If it was free food, we’d be stuffing our faces. There was that day down the freezer centre, when a lady was giving out slices of Black Forest cherry cake. Mum sent me round three times. « If you eat now, I won’t need to buy you any dinner. » – but I got dinner anyway. It’s no wonder I had a teenage weight problem.
When mum died, I cleaned out all those years of free samples. Big bag loads slung into the bin. Hundres of boxes of matches, hoarded on the pretext that hey were free and « might come in useful.
That was the day that I decided to stop hoarding and collecting and accumulating crap. On this Palm Sunday though, as I stood in the bathroom, contemplating a shave, I looked in one of the drawers and found hotel shampoo and shower gels – a whole damn drawful.
« I’ve paid for them, so I’m taking them. » I announce emphatically every time we stay in a hotel.
« You’ll never use the bloody things. » says the wife.
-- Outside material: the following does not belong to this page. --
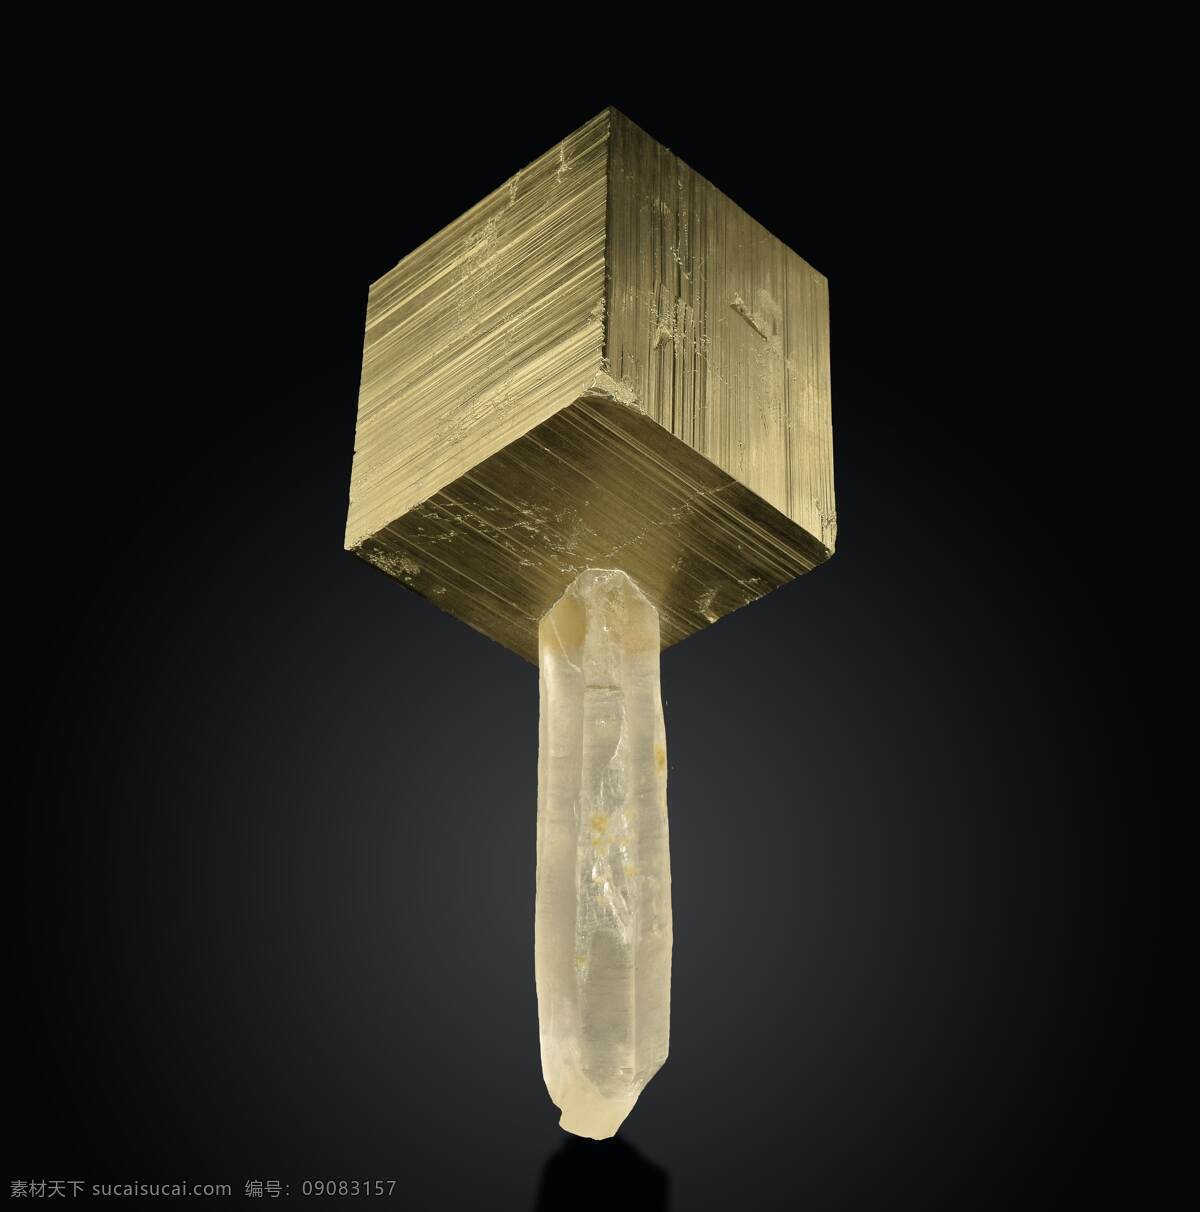 方块与冰块 锤子 雷神之锤 方块 金色方块 冰块 冰 生活百科 生活素材
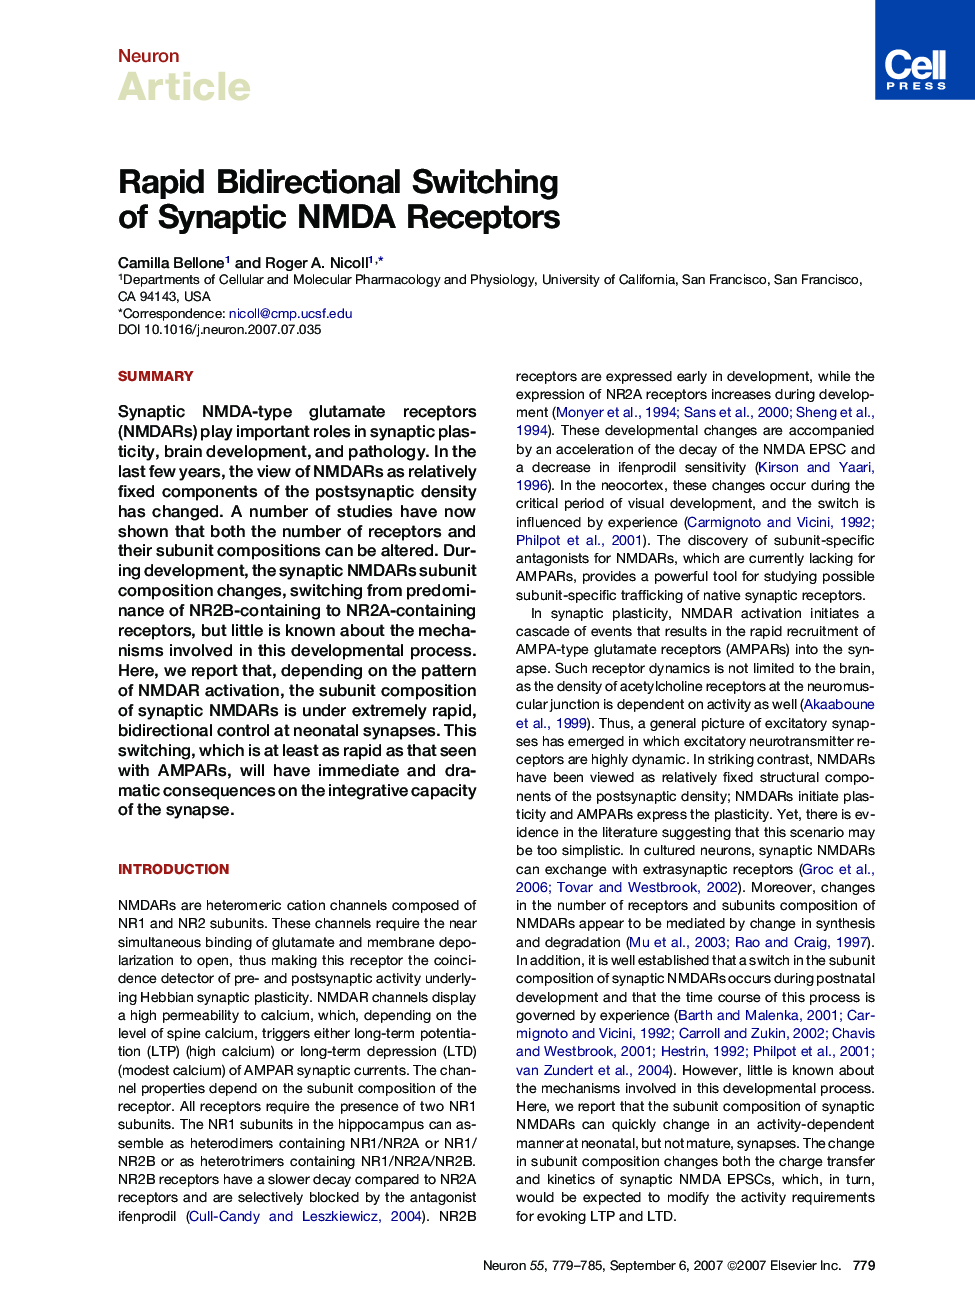 Rapid Bidirectional Switching of Synaptic NMDA Receptors

« They’ll come in handy when we go somewhere, or you can take them for a shower after swimming. » The wife points out that I never really go anywhere and especially never to the local swimming baths.
This Sunday morning though, I did go somewhere – my local supermarket. (It doesn’t sound exciting, but I always say that if you want an adventure, you have to start by going to the end of your street, as that is where all adventures usually begin.) – and , on my way past the Church, I noticed the faithful emerging from mass, clutching palm leaves. I felt a sudden pang, a sudden twitch – an urge to rush into Church for free palm leaves.
« And just what are you going to do with them ? » asks my conscience, in a voice not unlike that of my wife.
« Oh you’re right. I don’t need palm leaves. I’m jusy going to end up throwing them in the bin » – along with all the other rubbish that we accumulate in life. When it comes to the end, we’ve got to palm it all off on someone.